KerasModel.StepRunner = StepRunner 

# Only save lora parameters
def save_ckpt(self, ckpt_path='checkpoint', accelerator = None):
    unwrap_net = accelerator.unwrap_model(self.net)
    unwrap_net.save_pretrained(ckpt_path)
    
def load_ckpt(self, ckpt_path='checkpoint'):
    import os
    self.net.load_state_dict(
        torch.load(os.path.join(ckpt_path,'adapter_model.bin')),strict =False)
    self.from_scratch = False
    
KerasModel.save_ckpt = save_ckpt 
KerasModel.load_ckpt = load_ckpt 

In [None]:
optimizer = torch.optim.AdamW(peft_model.parameters(),lr=cfg.lr) 
keras_model = KerasModel(peft_model,loss_fn = None, optimizer=optimizer)
ckpt_path = 'single_chatglm2'

In [None]:
keras_model.fit(train_data = dl_train,
                val_data = dl_val,
                epochs=30,
                patience=20,
                monitor='val_loss',
                mode='min',
                ckpt_path = ckpt_path,
                mixed_precision='fp16',
                gradient_accumulation_steps = cfg.gradient_accumulation_steps
               )

In [None]:
import gc
del keras_model
gc.collect()
torch.cuda.empty_cache()

## Load New Model and Test

In [None]:
from peft import PeftModel 
from transformers import  AutoModel,AutoTokenizer,AutoConfig,DataCollatorForSeq2Seq
ckpt_path = 'single_chatglm2'
model_old = AutoModel.from_pretrained(cfg.model_name_or_path,
                                  load_in_8bit=False, 
                                  trust_remote_code=True)

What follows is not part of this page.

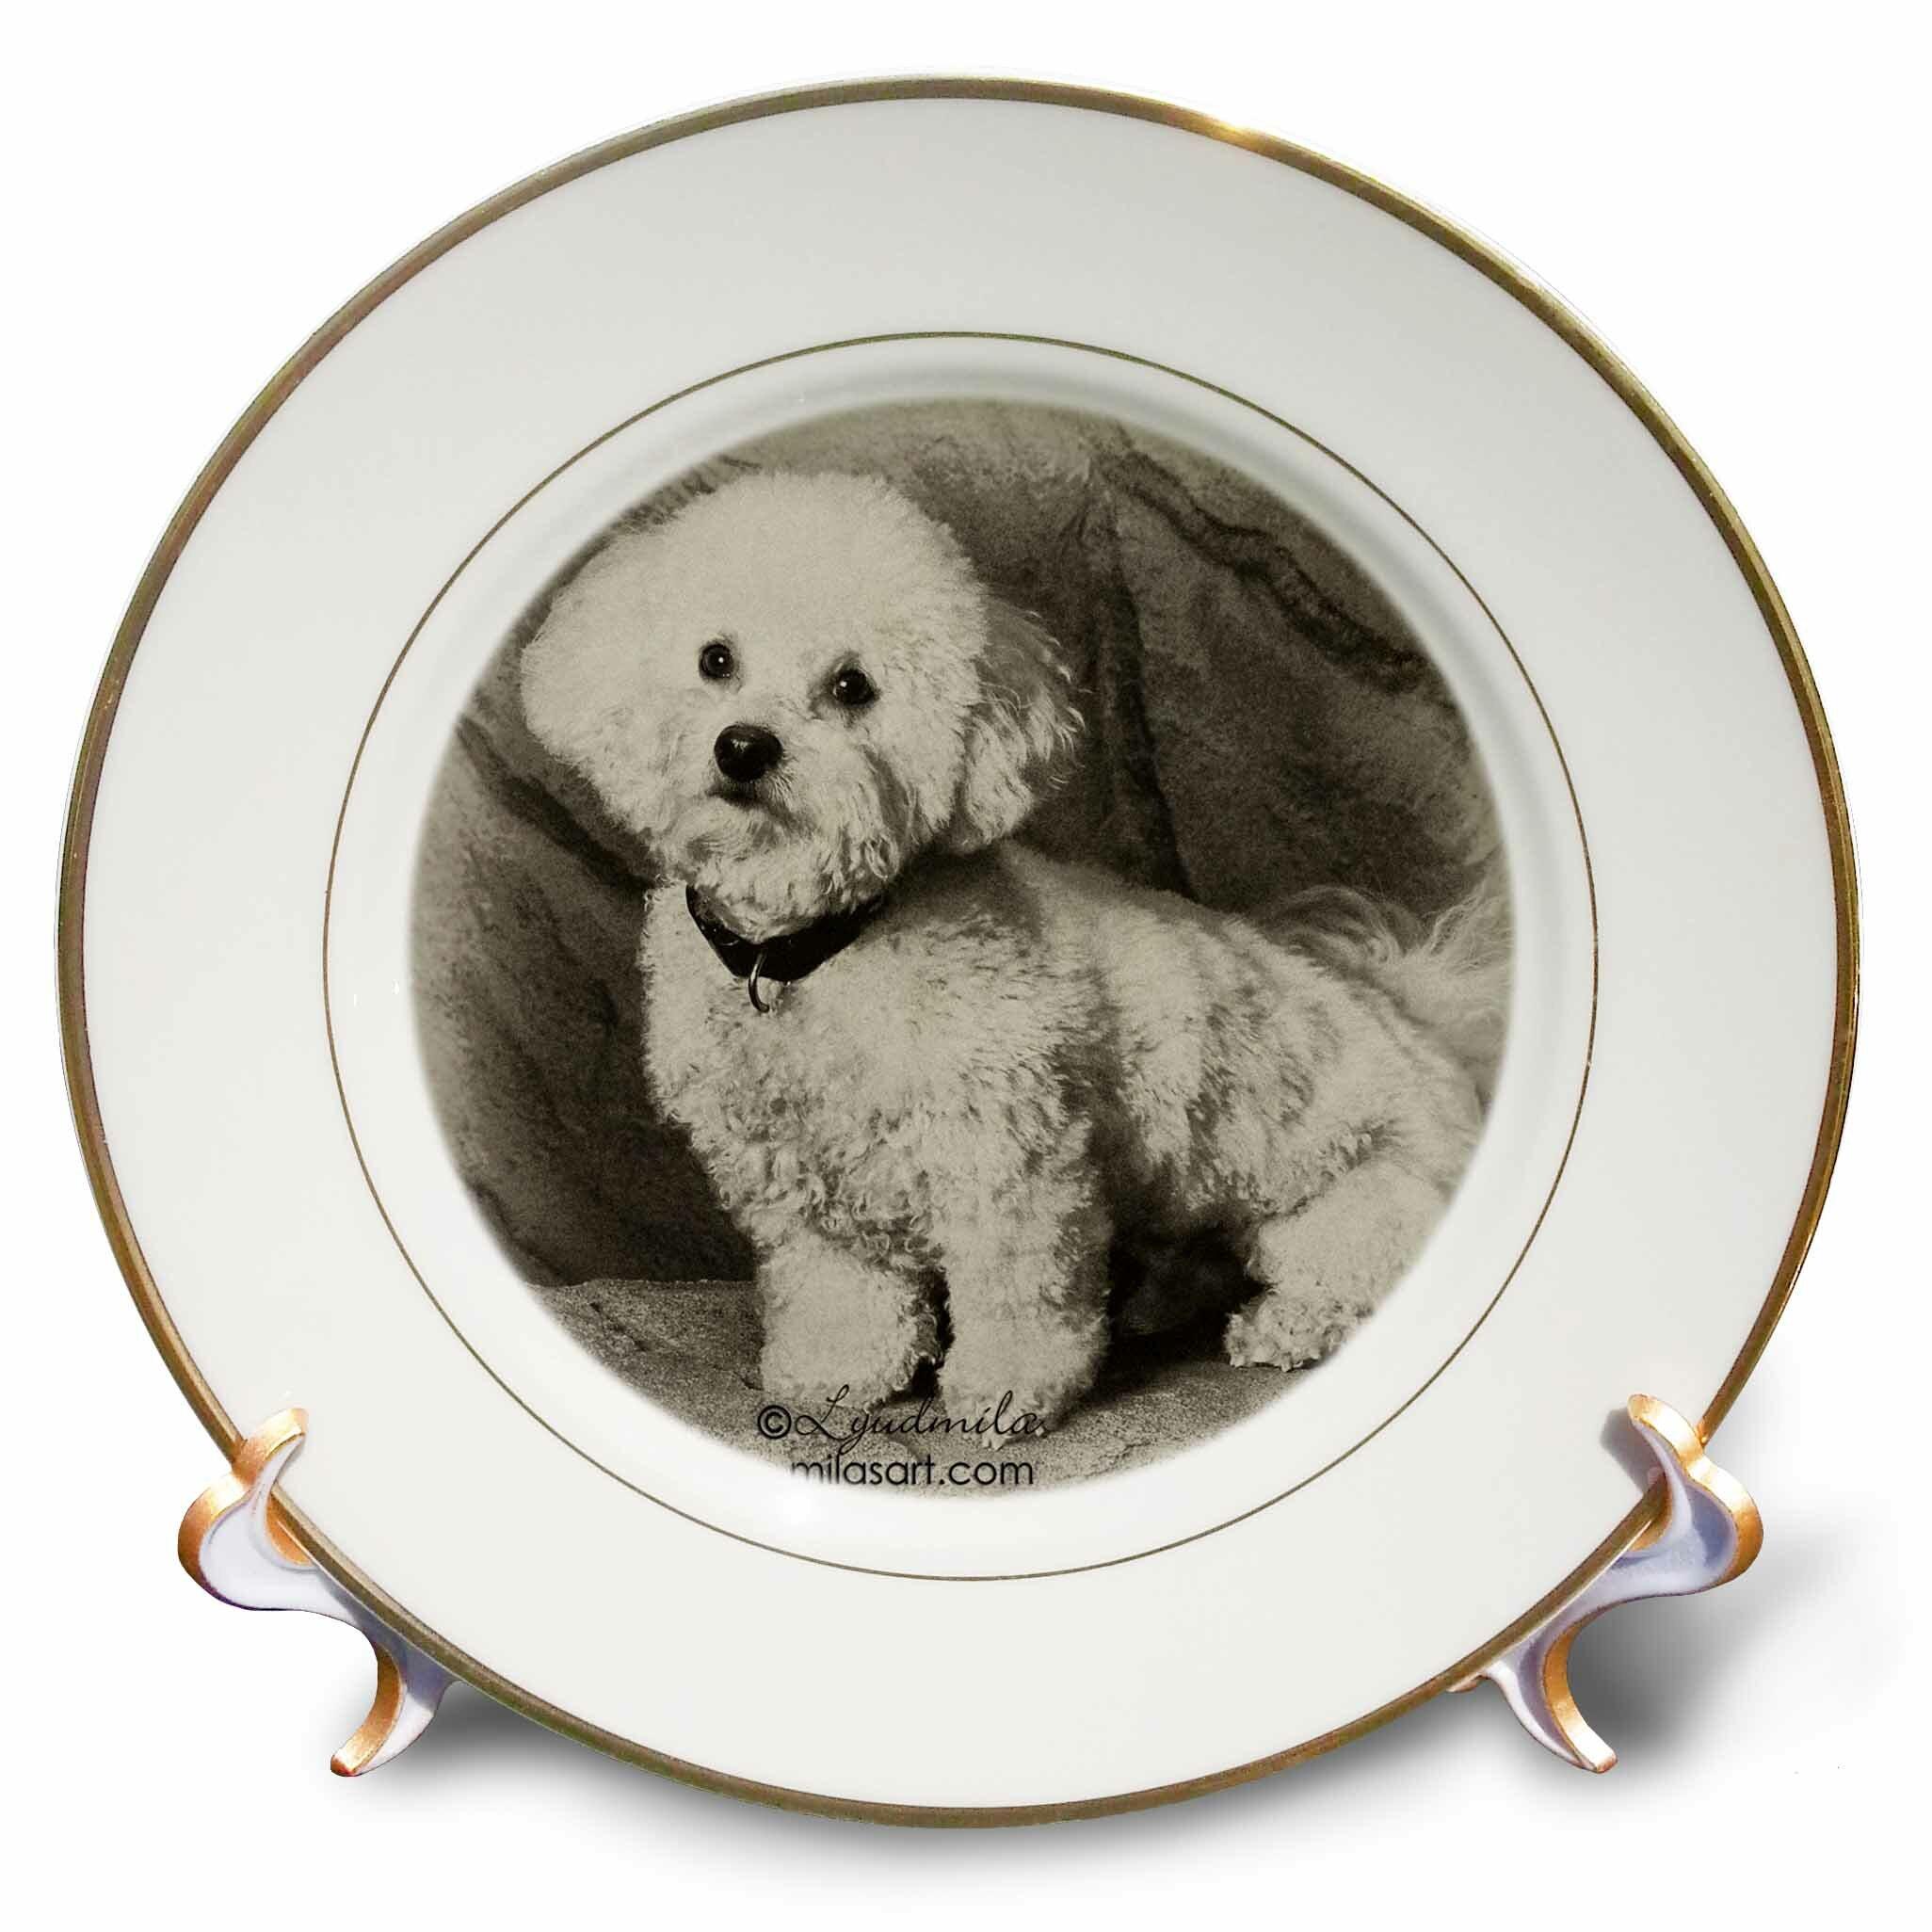 East Urban Home Bichon Frise Porcelain Decorative Plate Wayfair
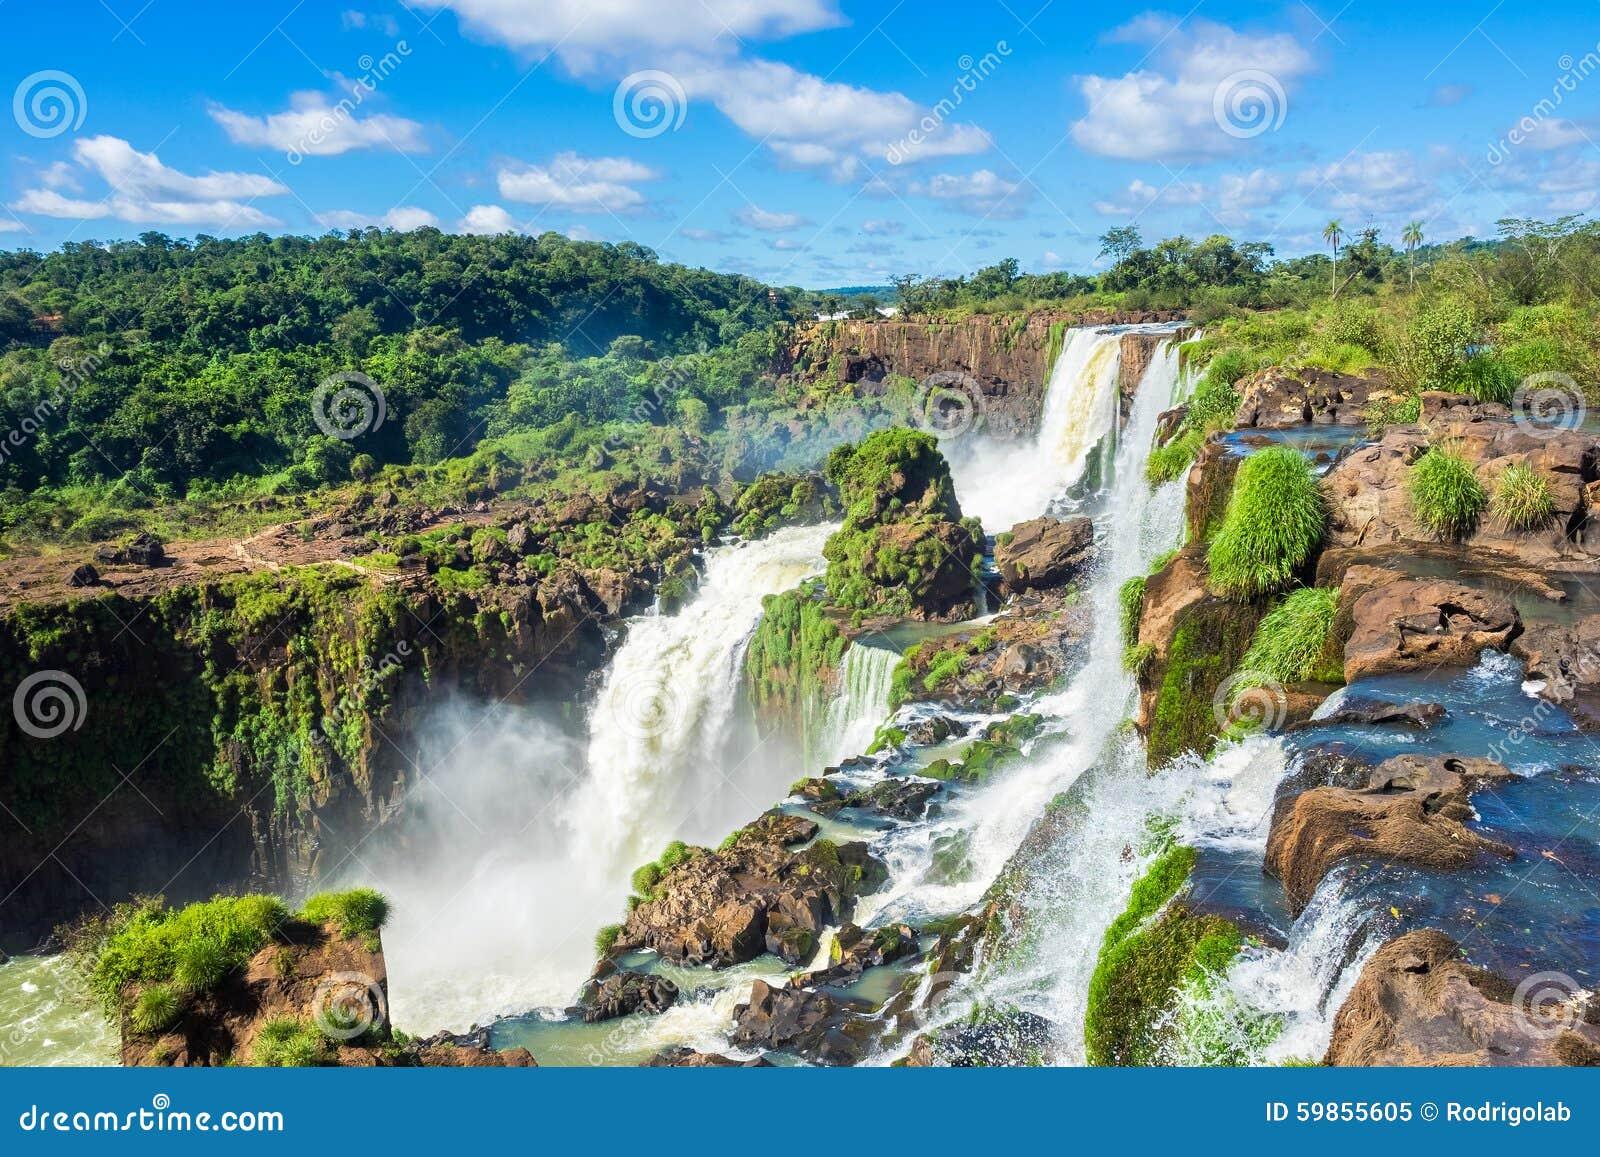 Iguazu Falls, on the Border of Argentina, Brazil, and Paraguay

tokenizer = AutoTokenizer.from_pretrained(
    cfg.model_name_or_path, trust_remote_code=True)

peft_loaded = PeftModel.from_pretrained(model_old,ckpt_path)
model_new = peft_loaded.merge_and_unload() # merge base with LoRA

In [None]:
from torchkeras.chat import ChatGLM 
chatglm = ChatGLM(model_new.half().cuda(),tokenizer,max_chat_rounds=20)

In [None]:
chatglm("Do you know the song: Xueqing Li lives on Love Street？")

In [None]:
chatglm("What is the style of Xueqing Li lives on Love Street？？")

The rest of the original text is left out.